Effective immediately upon filing, 12 December 2025.
As released in the Federal Register.
IM-5101-3. Application of Discretion to Deny Initial Listing
Nasdaq may use its authority under Rule 5101 to deny initial listing to a Company based on factors that make the Company’s securities susceptible to manipulation. The basis for use of this authority can include considerations related to the Company’s advisors (including auditors, underwriters, law firms, brokers, clearing firms, or other professional service providers) or concerns Nasdaq has identified with other previously listed Companies that are similarly situated to the Company, even where the applicant meets all stated listing requirements. In determining whether to use this authority, Nasdaq will consider the following non-exclusive list of factors:
• where the Company is located, including the availability of legal remedies to U.S. shareholders in that jurisdiction, the existence of blocking statutes, data privacy laws and other laws in foreign jurisdictions that may present challenges to regulators seeking to enforce rules against the Company, the ability of parties to conduct comprehensive due diligence in that jurisdiction, and the transparency of regulators in the jurisdiction;
• whether a person or entity exercises substantial influence over the Company and, if so, where that person or entity is located, including the availability of legal remedies to U.S. shareholders in that jurisdiction, the existence of blocking statutes, data privacy laws and other laws in foreign jurisdictions that may present challenges to regulators seeking to enforce rules against the person or entity, the ability of parties to conduct comprehensive due diligence in that jurisdiction, and the transparency of regulators in the jurisdiction;
• whether the expected public float and dissemination of the share distribution, based on a review of underwriter, broker and clearing allocations and consideration of prior deals involving those service providers, at the time of the IPO and post offering, raises concerns about adequate liquidity and potential concentration;
• whether there are issues concerning the Company’s advisors (including auditors, underwriters, law firms, brokers, clearing firms, or other professional service providers), based on factors including, but not limited to, whether the advisor has been reviewed by applicable regulators and, if so, what were the results of those reviews;
• if the Company’s advisor is a new entity, whether the advisor’s principals were involved with other firms with a regulatory history;
• whether any of the Company’s advisors were involved in prior transactions where the securities became subject to a pattern of concerning or volatile trading;
• whether the Company’s management and Board has experience or familiarity with U.S. public company requirements, including regulatory and reporting requirements under Nasdaq rules and federal securities laws;
• whether there are any FINRA, SEC or other regulatory referrals related to the Company or its advisors, which can be included in the record of the matter and, if applicable, the results of those referrals;
• whether the Company currently has, or recently has had, a going concern audit opinion and, if so, what is the Company’s plan to continue as a going concern; and
• whether there are other factors that raise concerns about the integrity of the Company’s board, management, significant shareholders, or advisors.

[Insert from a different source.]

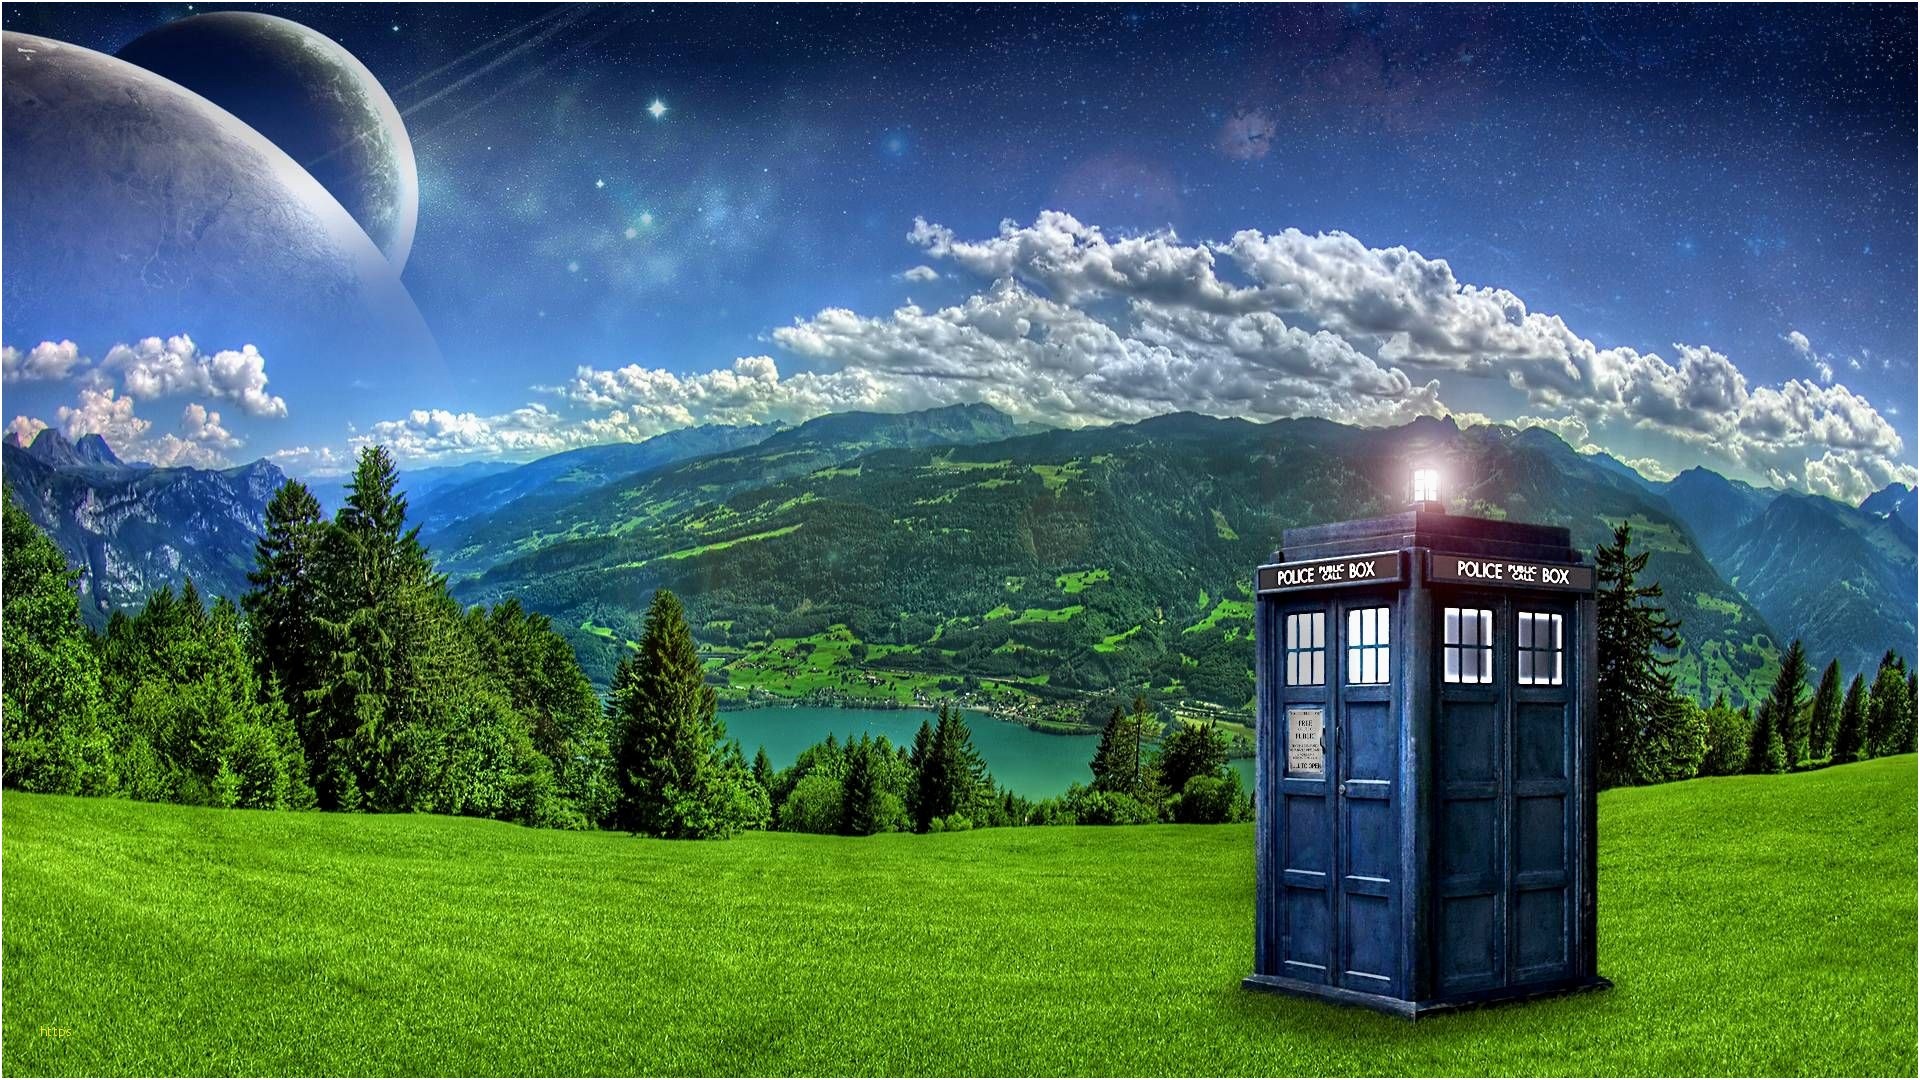 1920x1080 ... Tardis IPhone Wallpaper Inspirational Collection Of Doctor Who Tablet  Wallpaper On Hdwallpapers 1920—1080 ...

Where Nasdaq determines to deny initial listing based on its application of this authority, Nasdaq Staff will issue a written determination describing the basis for its decision. As provided in Rule 5205(i)(2), the Company must, within four business days from the date of Staff’s written determination, make a public announcement in a press release or other Regulation FD compliant manner about the receipt of the determination and the Rule(s) upon which the determination is based, describing each specific basis and concern identified by Nasdaq in reaching its determination. The Company may seek review of a denial as set forth in Rule 5815.
Amended Dec. 12, 2025 (SR-NASDAQ-2025-104).